October 8, 2012 (San Diego’s East County) – The San Diego County Taxpayers Association, a watchdog organization that looks out for citizens’ tax dollars, has given its support to Proposition V, the $398 million bond measure being sought on the Nov. 6 ballot by the Grossmont-Cuyamaca Community College District.
If approved by East County voters, funds from Proposition V will be used for creating and improving Veterans Support Centers and career training facilities,
modernizing college technology, and updating aging classrooms and infrastructure.
The taxpayers association, which announced its decision Sept. 21, said the district’s measure meets the key provisions of the group’s bond support criteria, including the district’s adoption of the taxpayer association policy regarding the use of controversial long-term capital appreciation bonds.
In making its recommendation, the taxpayers association underwent a detailed analysis of the East County college district’s proposed measure and studied the district’s performance on Proposition R, the $207 million bond measure that was approved by East County voters in 2002. The money from Proposition R was used to build or renovate 13 major projects on the Grossmont and Cuyamaca campuses, along with numerous infrastructure improvements.
“We’re very pleased that the Taxpayers Association recognized that Grossmont-Cuyamaca will continue to be frugal with taxpayer dollars, just as we were with Prop R,” said Bill Garrett, president of the Grossmont-Cuyamaca Community College District
The bond measure calls for the creation of a citizen oversight committee to monitor Proposition V bond expenditures. An oversight committee has been monitoring Proposition R expenditures, which have continued to receive spotless audits throughout the life of the project.

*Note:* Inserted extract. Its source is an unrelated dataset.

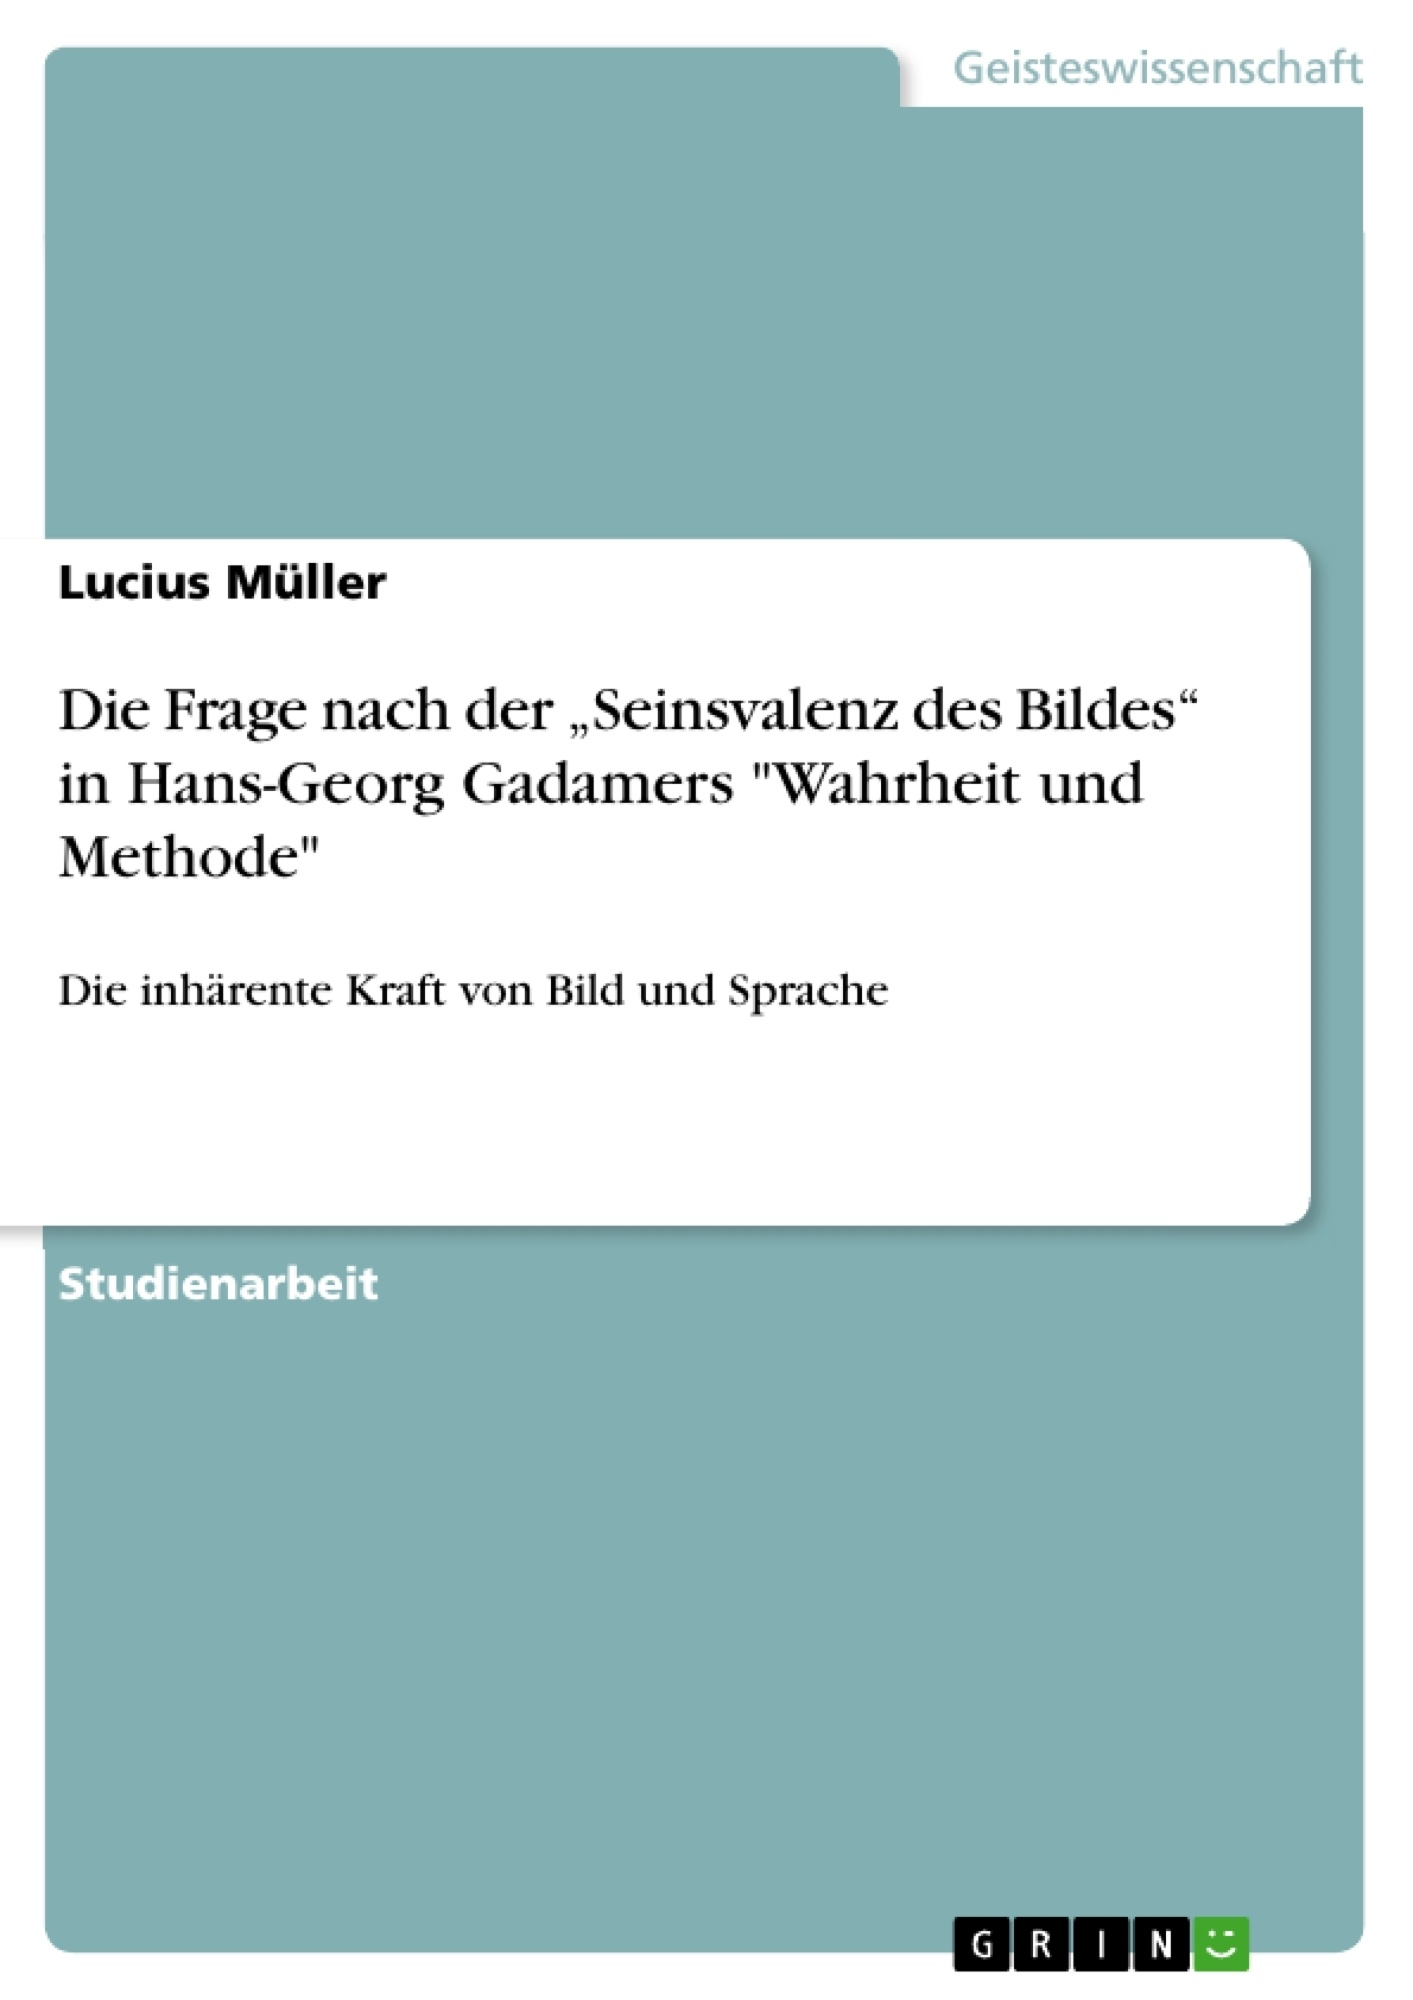 """Titel: Die Frage nach der """"Seinsvalenz des Bildes"""" in Hans-Georg Gadamers """"Wahrheit und Methode"""""""

Proposition V must be approved by 55 percent of voters in order to pass. If approved, the typical East County homeowner would be assessed $16.94 per $100,000 of valuation, meaning the typical homeowner would pay about $40 per year. The bond measure is being sought under the Provisions of Proposition 39, which prohibits use of the funds for operations, administrator salaries, or pensions.
Proposition V is the result of a two-year comprehensive needs assessment and planning process based on an educational master plan that will guide the district for the next decade and beyond.
A facilities master plan for the district identified numerous building, technology and sustainability needs for the two campuses, which have about 25,000 students.
Grossmont College was built 50 years ago, and has 14 original buildings that are badlyin need of repairs and don’t serve today’s technology requirements. Cuyamaca College opened in 1978, and many of its buildings, roads, mechanical systems and fixtures are no longer adequate to serve the campus and its students.
“Our district has many facility needs, which can only be addressed if Proposition V is approved by East County voters,” said Chancellor Cindy L. Miles. “We need adequate and modern facilities so that our colleges can continue to provide the top-notch education to students that East County has come to expect.”